GPT의 오리진 스토리

2025-10-15

GPT의 오리진 스토리. 패권: 누가 AI 전쟁의 승자가 될 것인가 10장 “Size Matters”에서 발췌/요약.

Chapter 10. Size Matters

DeepMind와의 차별화를 원했던 OpenAI:

OpenAI was about to differentiate itself from DeepMind in another way. Ilya Sutskever, OpenAI’s star scientist, couldn’t stop thinking about what transformer could do with language. Google was using it to better understand text. What if OpenAI used it to generate text? … Although OpenAI is best known today for ChatGPT, back in 2017 it was still throwing spaghetti on the wall to see what would stick ….

Decoder-only transformer:

The transformer model that powered Google Translate used something called an encoder and a decoder to process words. The encoder would process the sentence coming in, perhaps in English, and the decoder would generate the output, like a sentence in French. …

Alec Radford and Sutskever figured out that they could get rid of [encoder part], and instead just have one, the decoder, listen to you and talk back by itself. Early testing showed that the idea worked in practice, which meant they could build a more streamlined language model that was quicker and easier to troubleshoot and grow. And making it “decoder only” would also be a game-changer. By combining a model’s ability to “understand” and speak into one fluid process, it could ultimately generate more humanlike text.

Scaling:

The next step was to vastly increase the amount of data, computing power, and capacity of their language model. Sutskever had long believed that “success was guaranteed” when you scaled everything up in AI, especially with language models.

GPT:

He and his colleagues started working on a new language model they called a “generatively pre-trained transformer” or GPT for short.

진짜로 이해를 하는걸까?

Down the line, (GPT) became more sophisticated, people at OpenAI and beyond would question whether these new large language models were actually understanding language and not just inferring it. …

This issue would come to divide people, even in the AI community. Did the increasing sophistication of these models mean they were becoming sentient? The answer was most likely no, but even experienced engineers and researchers would soon believe otherwise, with some falling under an emotional spell from AI-generated text that seemed loaded with empathy and personality.

구글에 대한 OpenAI의 두려움:

Sutskever meanwhile was keeping an eye on what was happening over at Google, where engineers were finally putting the transformer to use. Besides improving the company’s glitchy translation service, Google had used it to build a new program called BERT that would help improve its search engine. …

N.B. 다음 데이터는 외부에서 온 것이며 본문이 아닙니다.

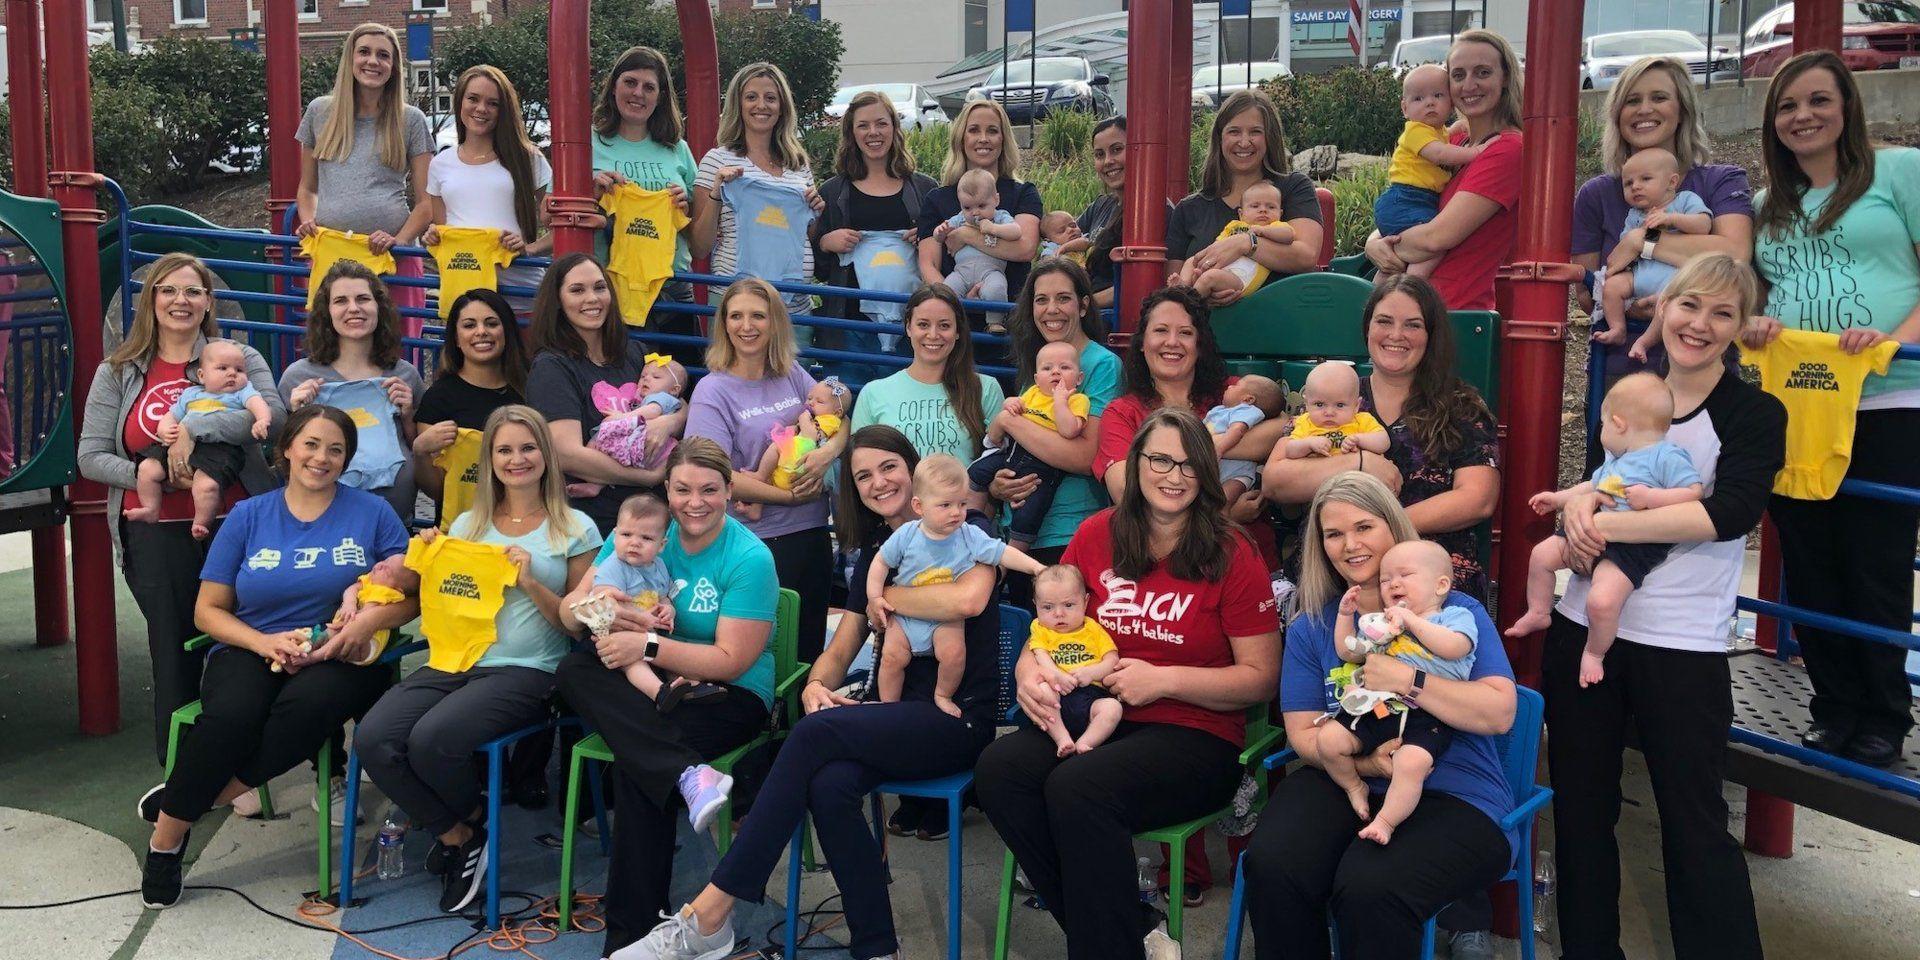 Ghé thăm bệnh viện có 36 y tá cùng mang thai và sinh con trong 1 năm - 1

The search giant had every building block it needed to build AGI, too, if it wanted, from the transformer to the TPU, a powerful proprietary chip for training AI models.

“I would wake up, nervous that Google was just gonna go release something much better than us,” remembers one former OpenAI manager. By exploiting Google inventions like the transformer, it felt like OpenAI was playing with the search giant’s toys and somehow getting away with it. “We were like, there’s no way we’re gonna win.”